Advantages & Risks for Lenders: 

  • Reduced Risk – This is the most obvious advantage for lenders when using a GSA. Having an option for legal recourse on a defaulted loan to recover the owed amount significantly mitigates the risk associated with lending money. 
  • Claim Priority – As explained already, a perfected GSA benefits the lender by ensuring priority when it comes to claiming specific collateral over other third party creditors.
  • Collateral Valuation – One of the challenges a lender faces with a GSA is the actual task of accurately valuing collateral. For example, tangible assets may depreciate while intangible assets can be difficult to assess. If the collateral is not valued correctly, this can increase the risk of loss for the lender.
  • Legal Complexities – Another challenge a lender faces is making sure all of the legal requirements are met to maintain the validity and enforceability of the security interest. The legal stipulations can be complex and will vary by jurisdiction, so it’s important the lender does the work to understand and comply with each law.  

Advantages & Risks for Borrowers: 

  • Lower Interest Rates – Since a GSA reduces the risk for lenders to extend credit, it often means the borrower can obtain a lower interest rate on the loan. 
  • Higher Loan Amounts – The reduced risk and presence of collateral also give lenders more confidence in the borrower’s ability to repay, which often makes them willing to offer higher credit amounts. 
  • Losing Collateral – The most obvious risk for the borrower when using a GSA is the potential loss of collateral if the borrower defaults on the loan. This is especially difficult if the collateral is a critical part of the borrower’s business operations or personal finances. 
  • Restrictions on Assets – Another challenge a borrower might face is the restrictions a GSA could place on how the collateral can be used. For example, the GSA might stipulate that the collateral must remain in good condition, can’t be sold without the lender’s consent, or must be insured. This could reduce the borrower’s flexibility in how the collateral is used. 

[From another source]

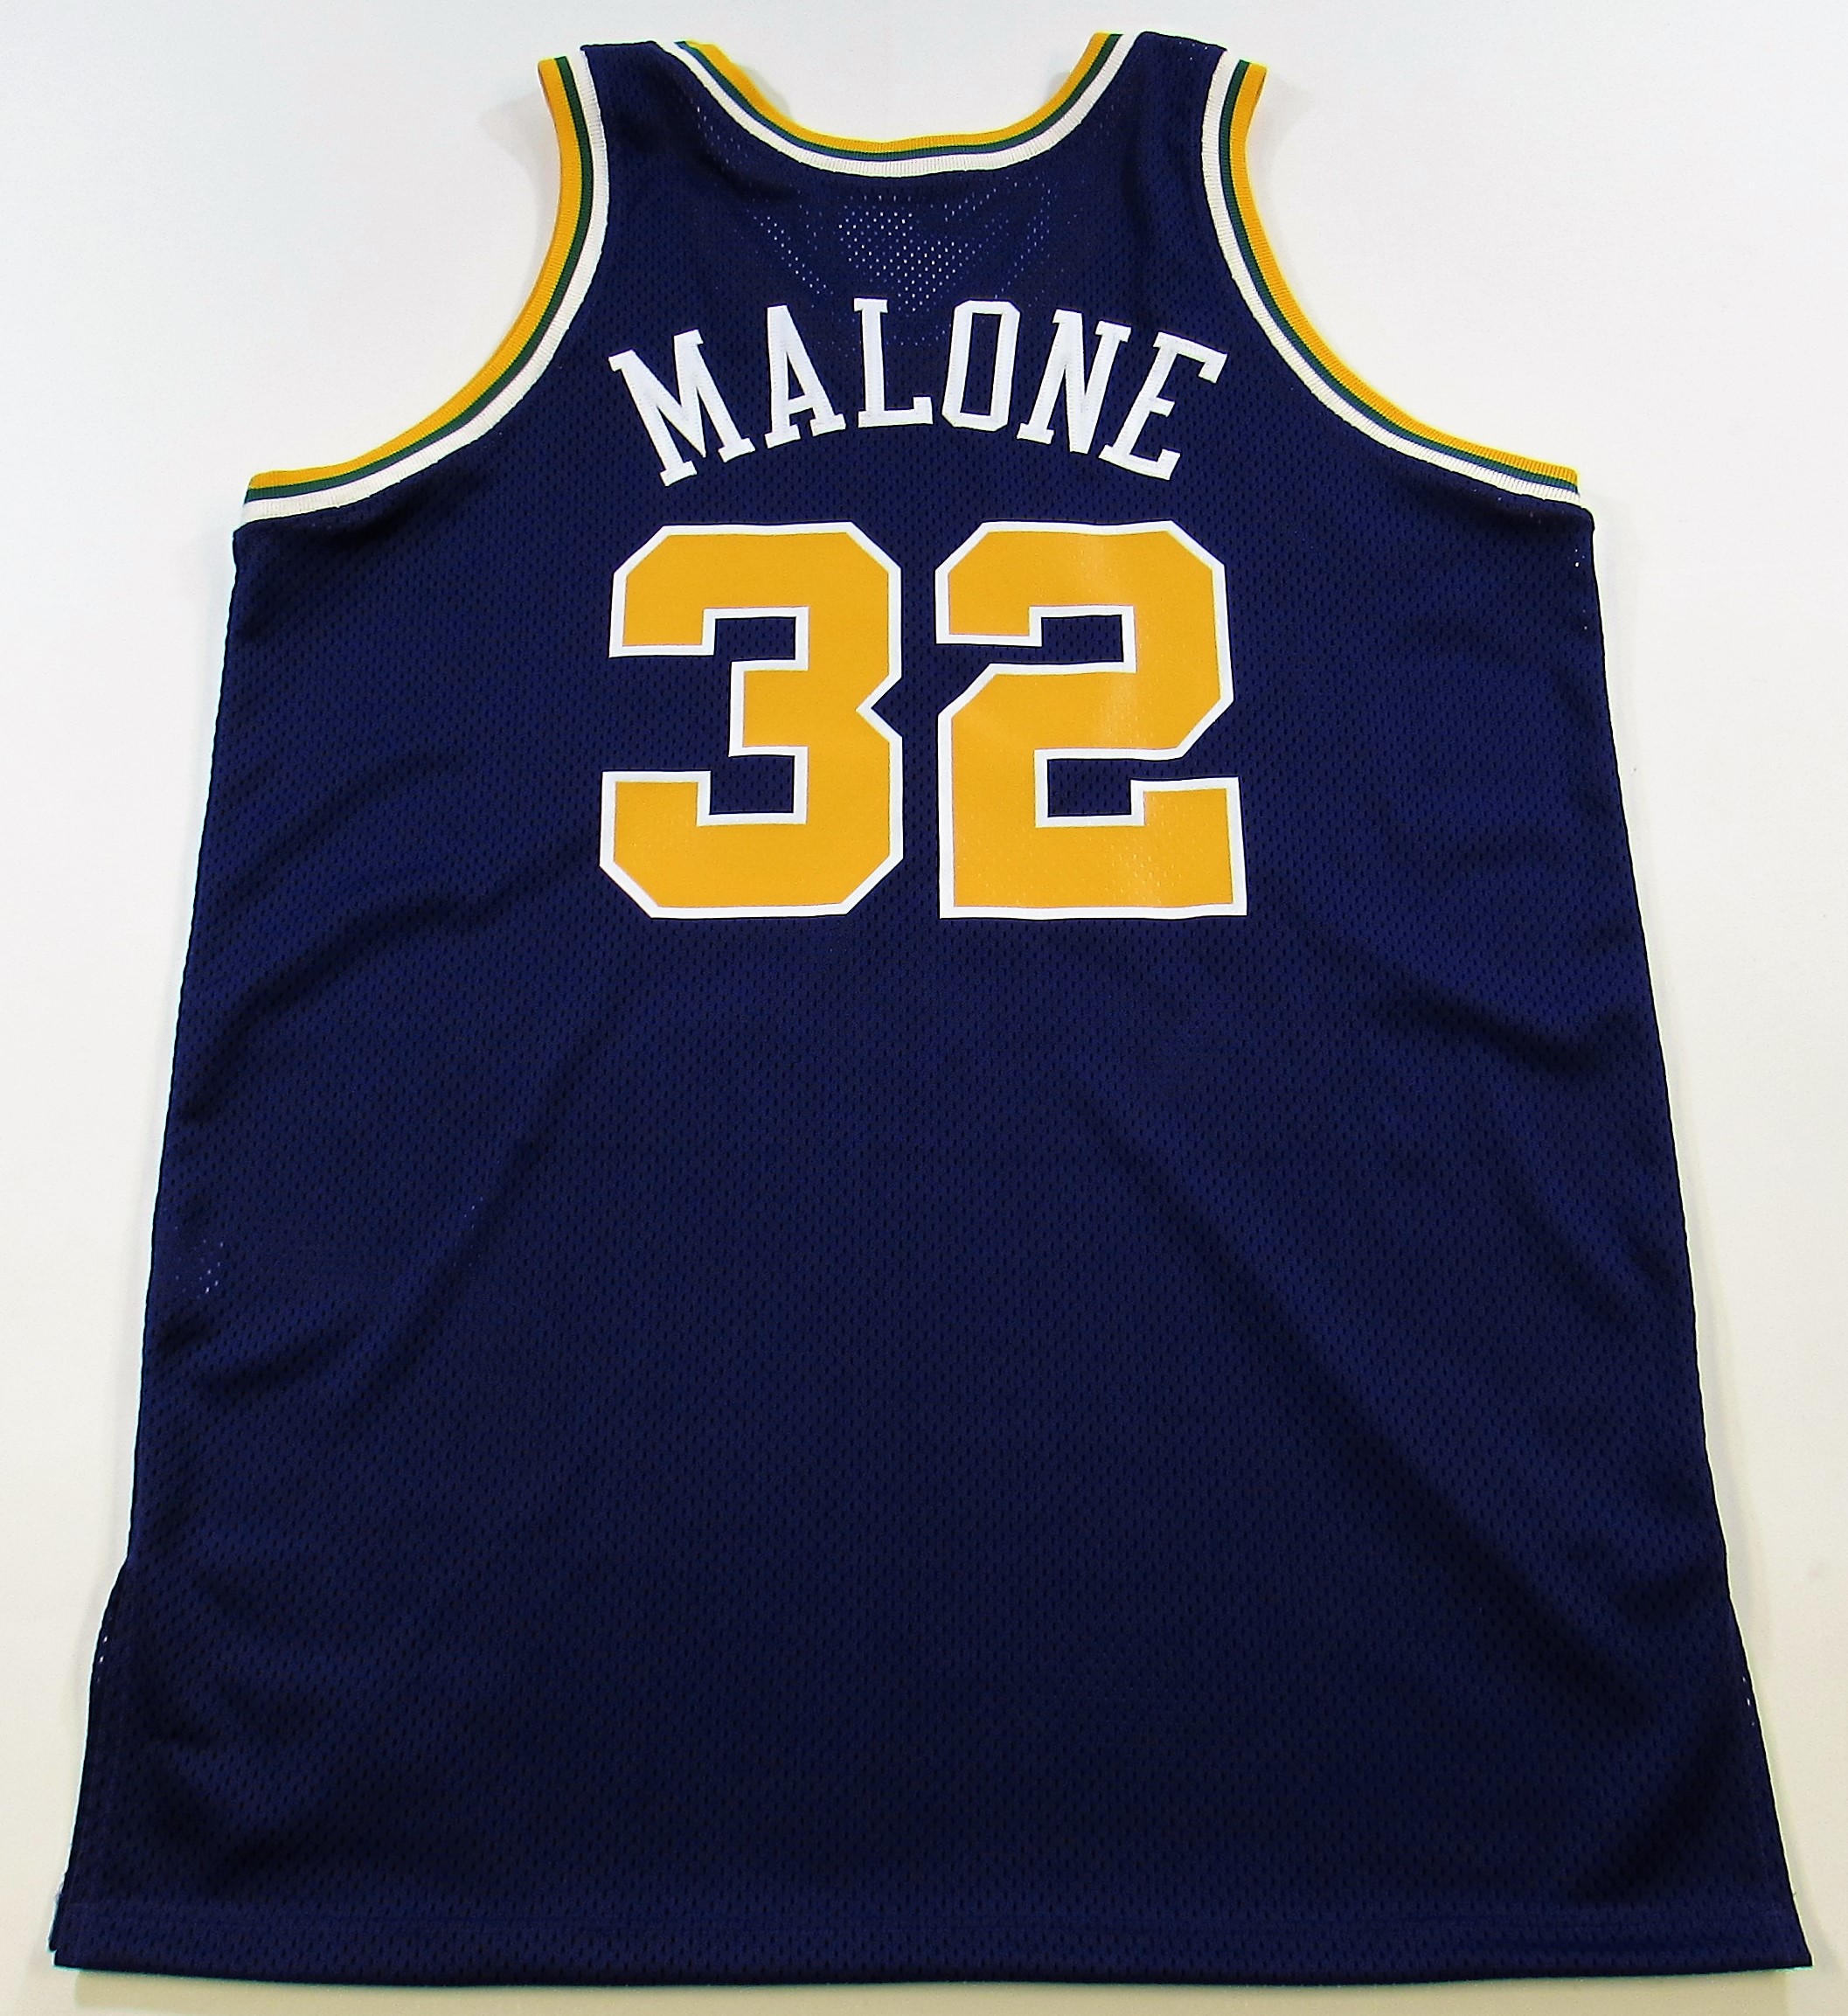 1989-90 Karl Malone Game Worn Utah Jazz Jersey.  Basketball, Lot #82476
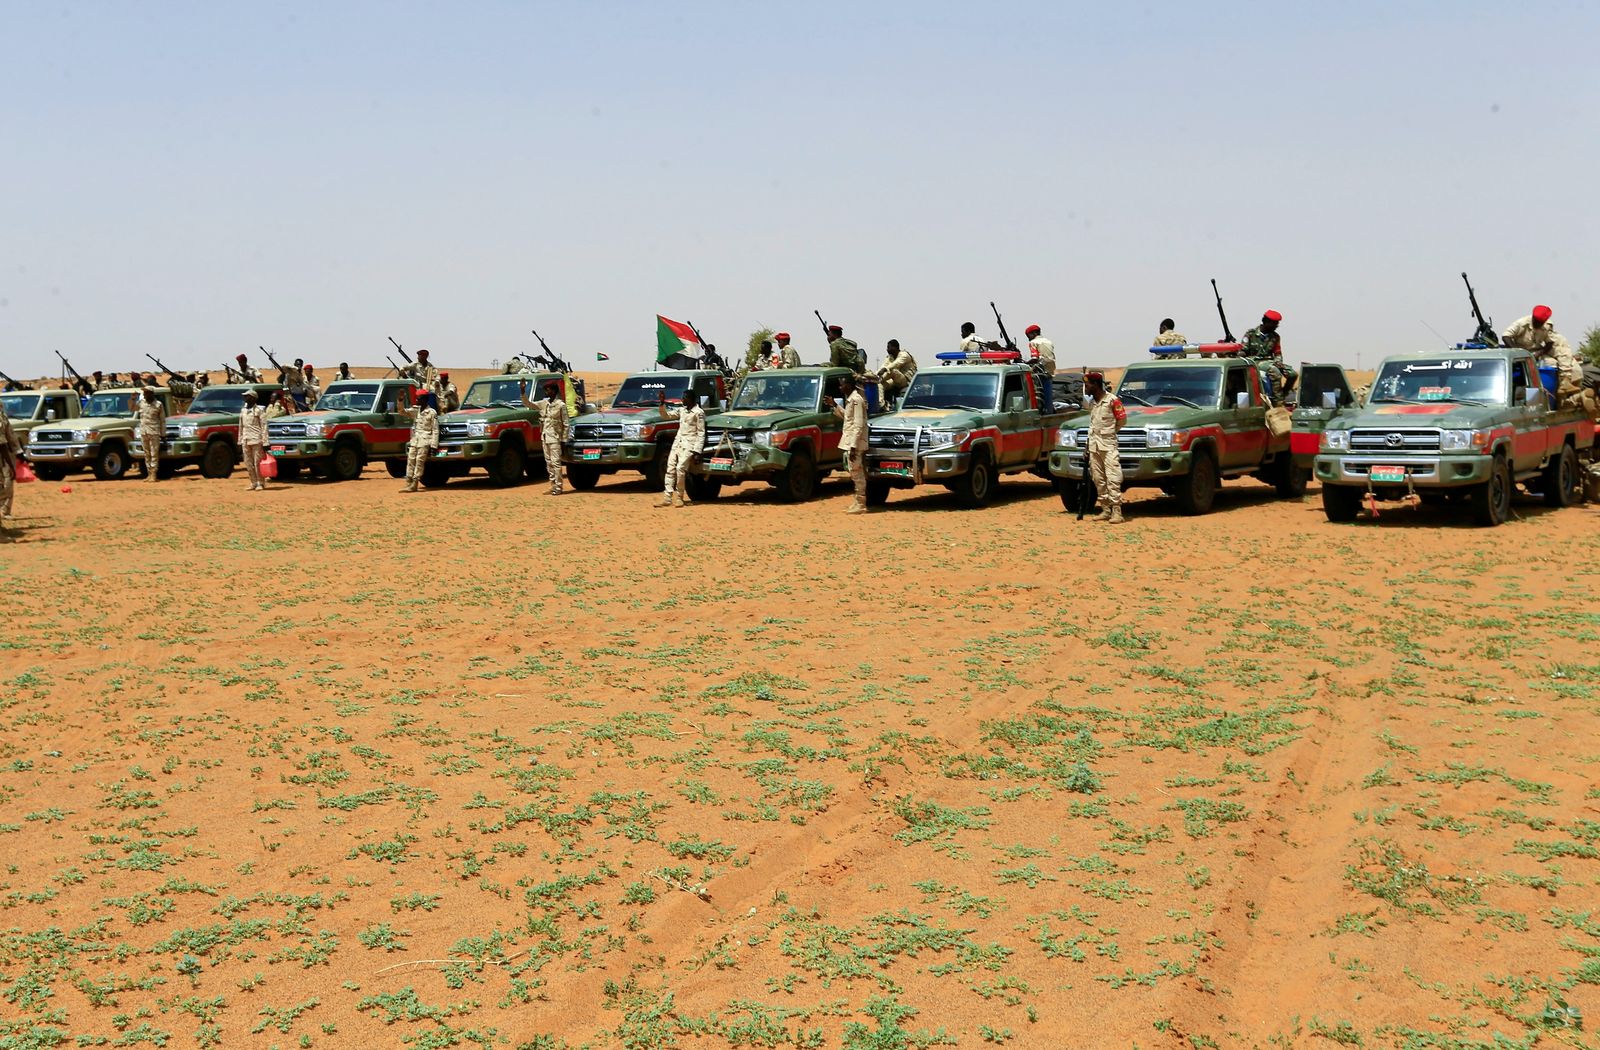 قوات سودانية خلال عملية لاعتقال مهاجرين غير نظاميين من إثيوبيا في منطقة حدودية، سبتمبر 2019 - REUTERS

The Process of Creating a General Security Agreement 

Both parties should consult with lawyers who specialize in secured transactions to ensure the GSA complies with applicable laws and protects their interests. The basic process for creating a GSA includes the following steps: 

  • Negotiating the Details – This includes identifying the parties, defining the collateral, and outlining the security interest. 
  • Drafting the Agreement – This refers to writing an agreement with precise terms and conditions. These include defining what constitutes a default, outlining actions the secured party can take in case of default, specifying the notice requirements for default and the secured party’s actions, and stating the rights and obligations of both parties. 
  • Execution of Agreement – Of course, both parties must sign the GSA so that it can be legally executed. 
  • Perfecting the Security Interest – This step requires registering the GSA with the appropriate provincial Personal Property Security Act (PPSA) registry.

It’s important that both parties understand and document all relevant details to avoid future disputes and ambiguities.